Advanced search

In an awkward situation at work...

(54 Posts)
Gingersstuff Thu 27-Feb-14 11:05:22

Will try to keep this short. I was/am employed 4 days per week in a very small company. I have had a health issue recently which culminated in surgery and meant a couple of periods of sickness for around 2-3 weeks each time (first period for illness, second for surgery/recovery time). Had a conversation with employers just before surgery in which they informed me they were cutting my hours down to 2.5 days per week (other people were having this done too but not as drastic as me) verbally telling me it was due to my illness. I was a bit hmm about this but looking it up it appeared I couldn't claim discrimination as other people were having their hours cut too. Officially it was because there wasn't enough work around. I was told that this period of reduced hours would be kept to a minimum and reviewed monthly.
So given that I couldn't afford to work 2.5 days/wk I started looking for another job, found one and handed in my notice.
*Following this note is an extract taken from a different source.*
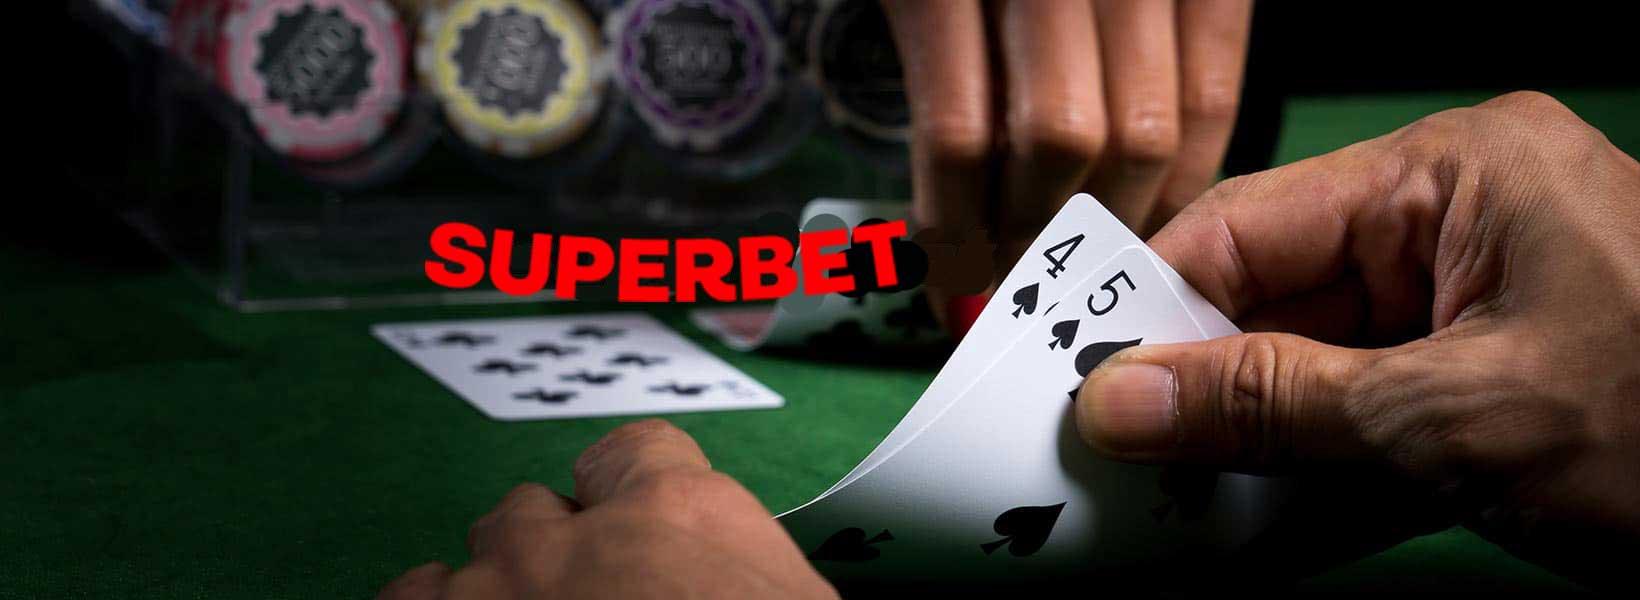 ghid blackjack superbet
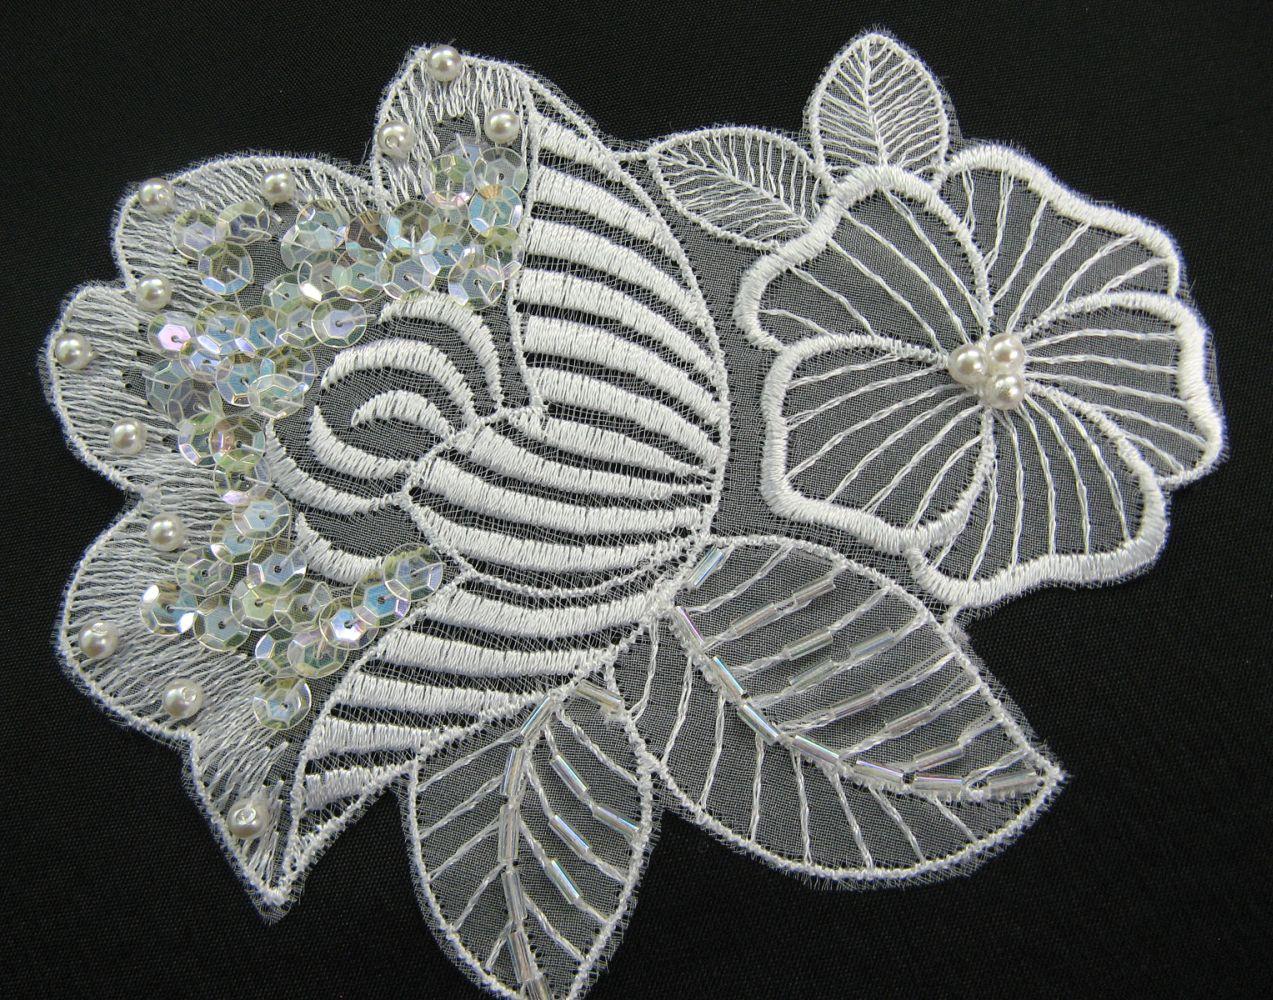 Blume, Stickerei auf Organza, mit Perlen und Pailletten 11x13 cm

Completely overlooked the fact that my notice period was 2 months and could have sworn it was one month (which is industry standard). Yes, big cock-up on my part. I explained to employers that I'd messed up and offered to work out some sort of compromise. Employers have dug their heels in and are not only holding me to every second of the 2 months notice but won't let me take my annual leave which would have effectively cut my notice down to 6 weeks. New employers are withdrawing their offer as they can't wait til end April for me. So now I have no job at the end of April.
The people that have secured me the new job are suggesting that I just tell them I'm leaving at the end of March and that's that. However that would mean breaking the contract.
The final piece of this is that mysteriously enough now that I am back from sick leave and fit for the job again I've been put back up to 4 days per week. Just in case you're wondering, new job was secured in a telephone interview on one of my non-working days.
Any advice please? Am in a quandary as to what to do. Still want new job which I can't go to unless I break my contract. No guarantee that I'll get anouther job when I leave in April which would really leave me up a certain creek. Thanks.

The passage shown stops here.